Bio.SeqIO.TwoBitIO module

Bio.SeqIO support for UCSC’s “twoBit” (.2bit) file format.

This parser reads the index stored in the twoBit file, as well as the masked regions and the N’s for each sequence. It also creates sequence data objects (_TwoBitSequenceData objects), which support only two methods: __len__ and __getitem__. The former will return the length of the sequence, while the latter returns the sequence (as a bytes object) for the requested region.

Using the information in the index, the __getitem__ method calculates the file position at which the requested region starts, and only reads the requested sequence region. Note that the full sequence of a record is loaded only if specifically requested, making the parser memory-efficient.

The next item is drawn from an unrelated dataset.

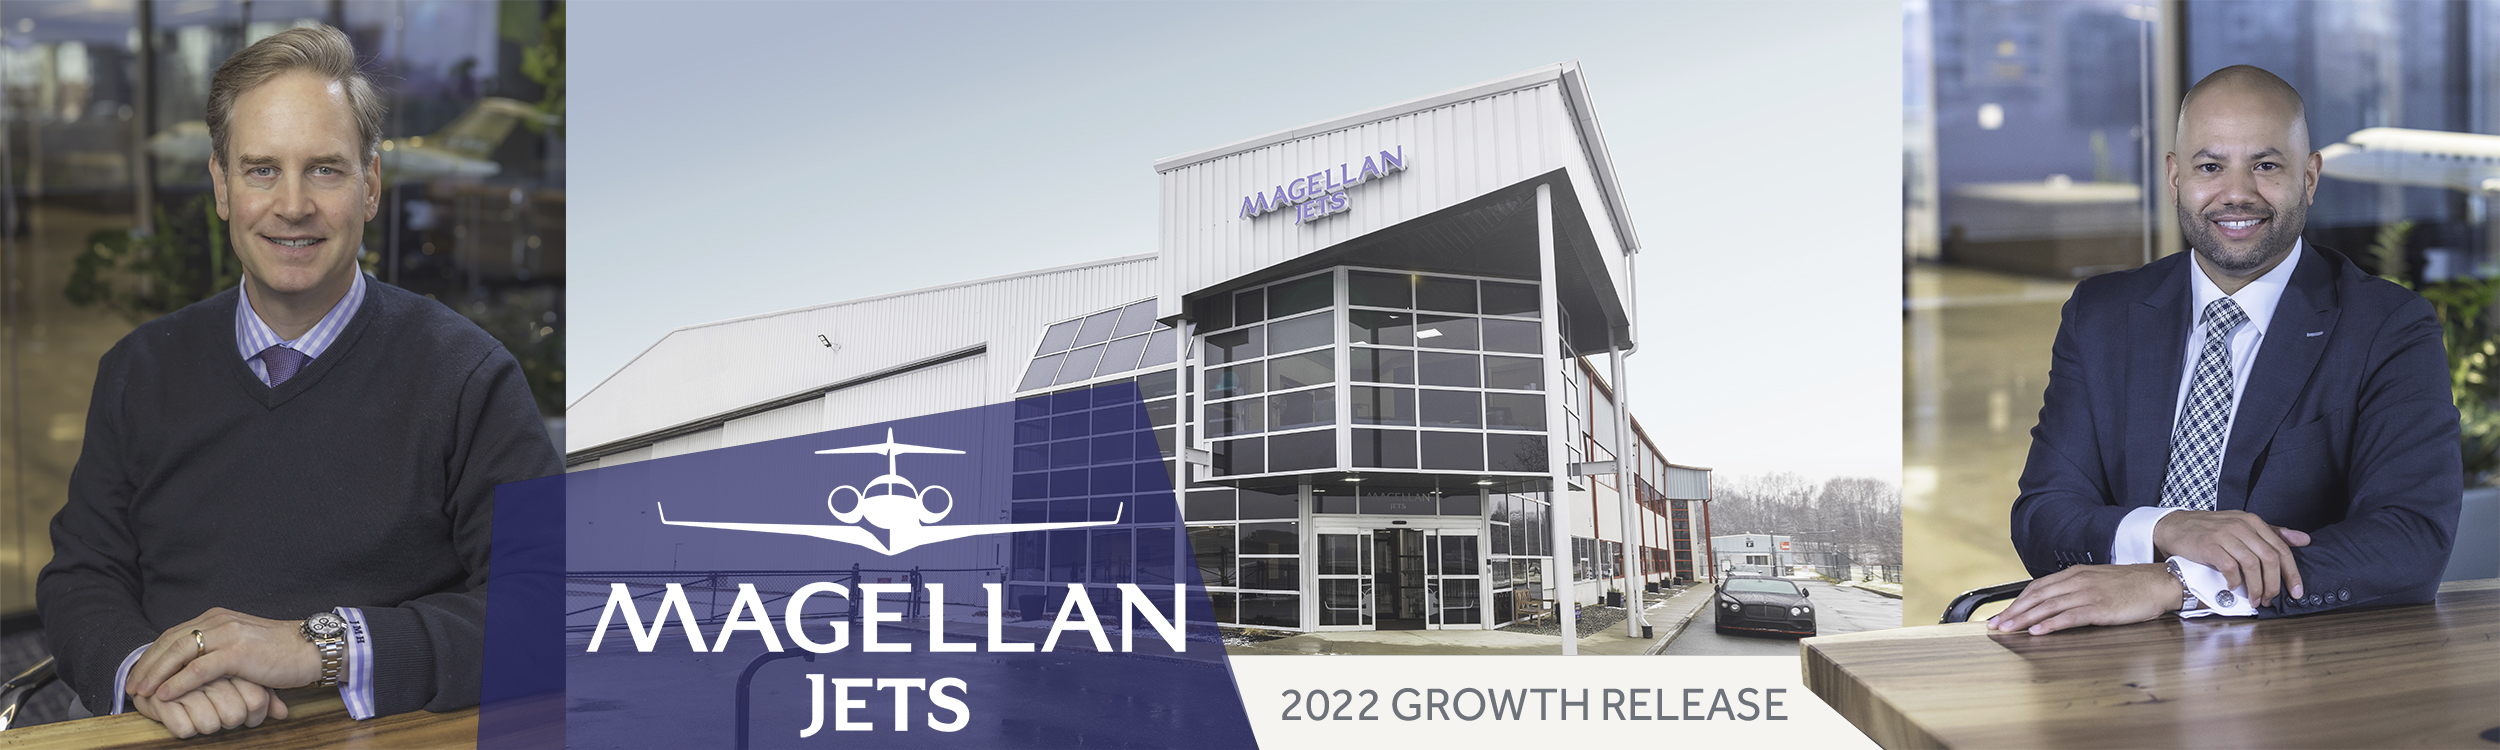 Magellan Jets 2022 Growth Release banner
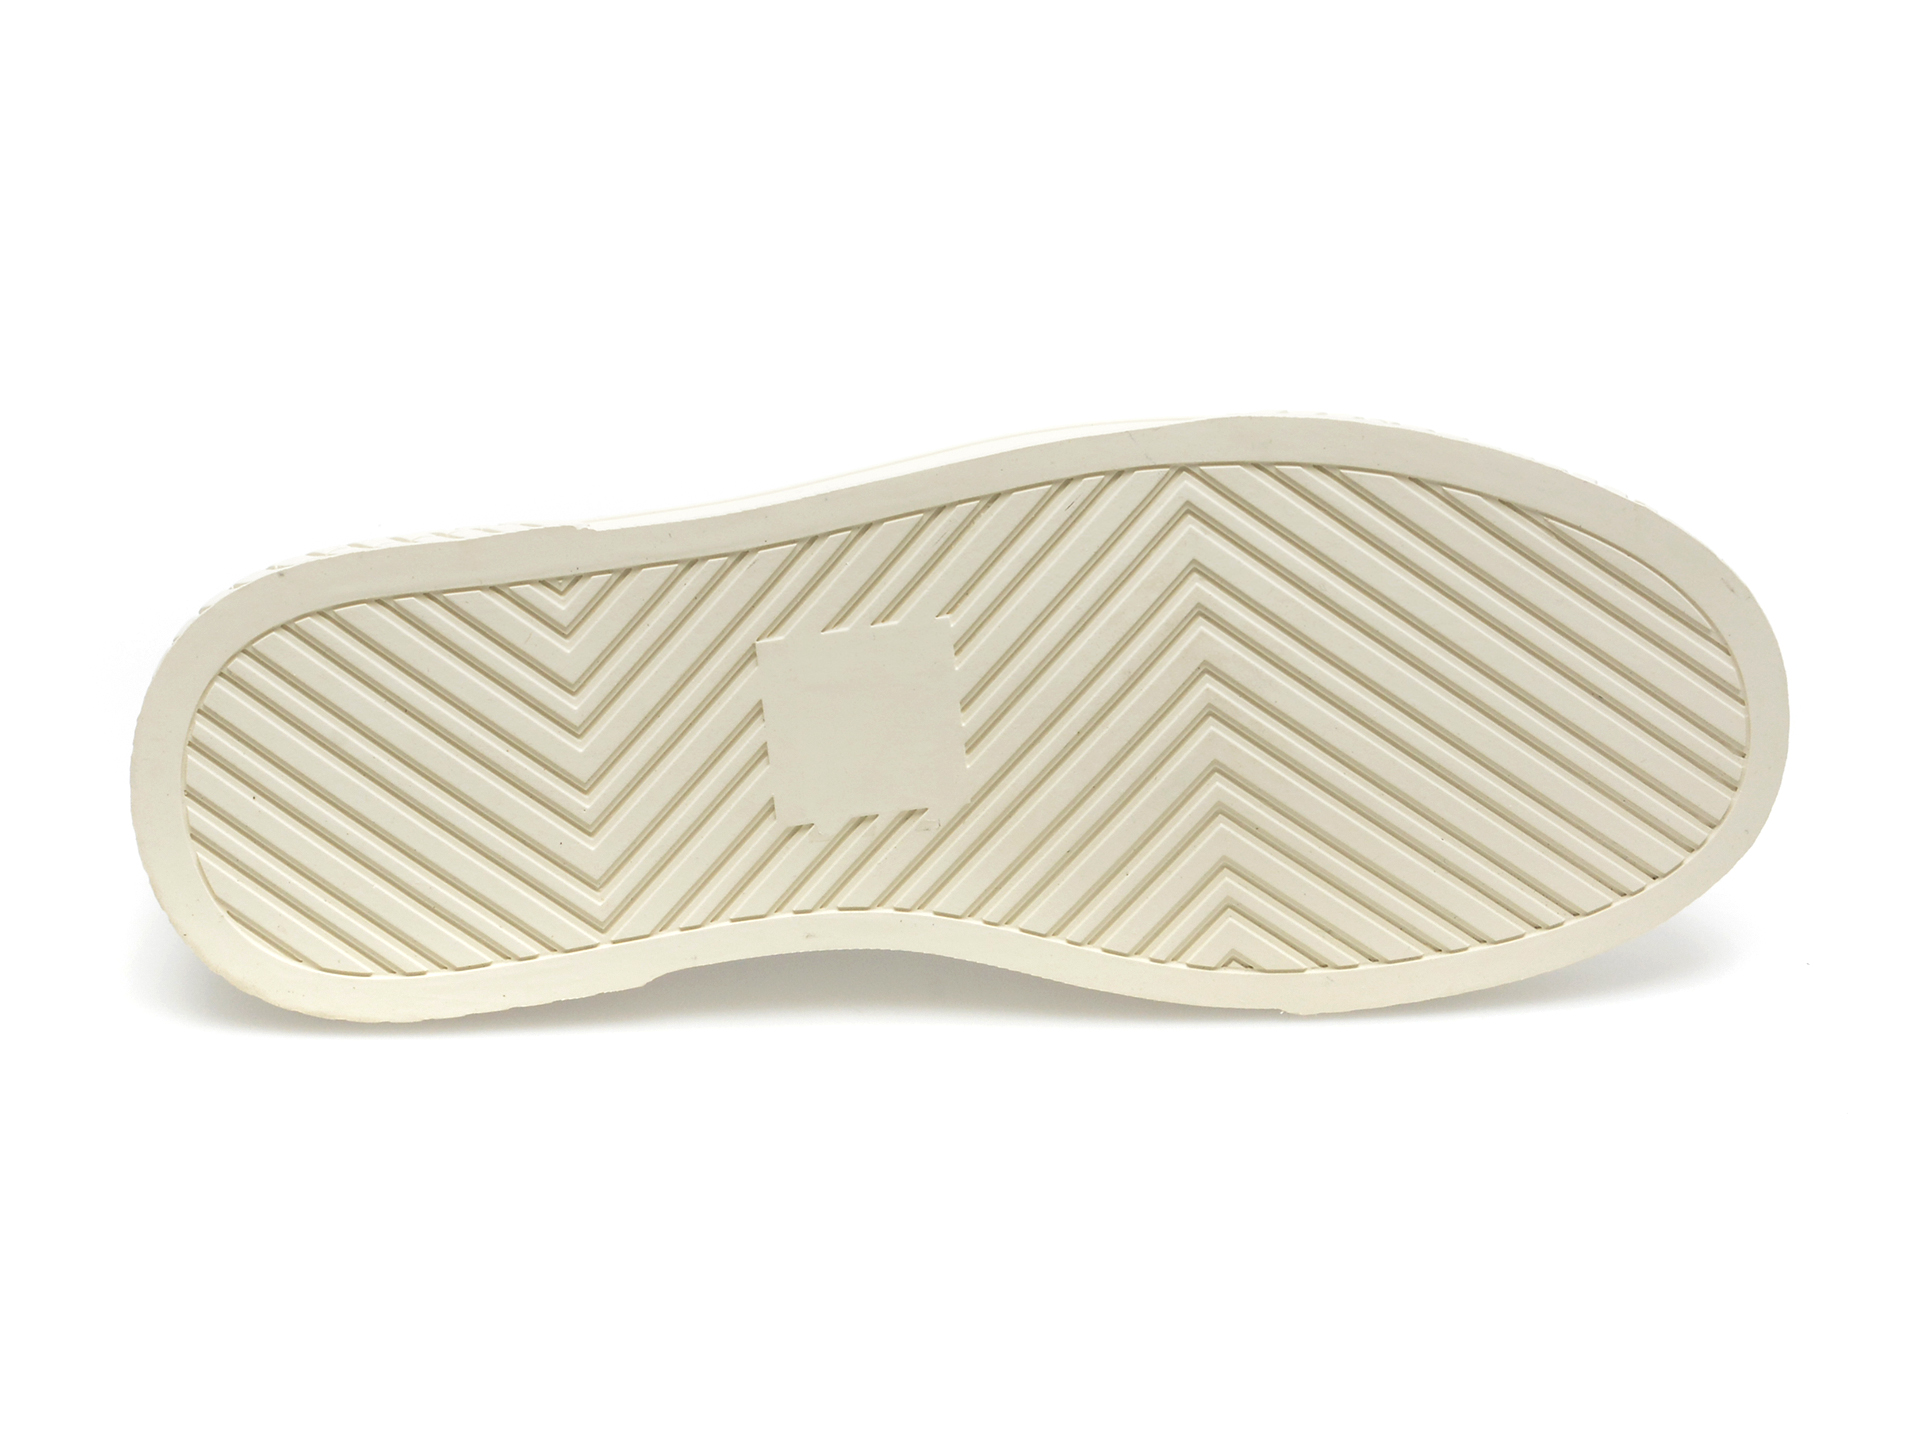 Pantofi sport OTTER albi, F035, din piele naturala

The TwoBitIterator object implements the __getitem__, keys, and __len__ methods that allow it to be used as a dictionary.

class Bio.SeqIO.TwoBitIO.TwoBitIterator(source)

Bases: SequenceIterator

Parser for UCSC twoBit (.2bit) files.

__init__(source)

Read the file index.

parse(stream)

Iterate over the sequences in the file.

__getitem__(name)

Return sequence associated with given name as a SeqRecord object.

keys()

Return a list with the names of the sequences in the file.

__len__()

Return number of sequences.

__abstractmethods__ = frozenset({})
__parameters__ = ()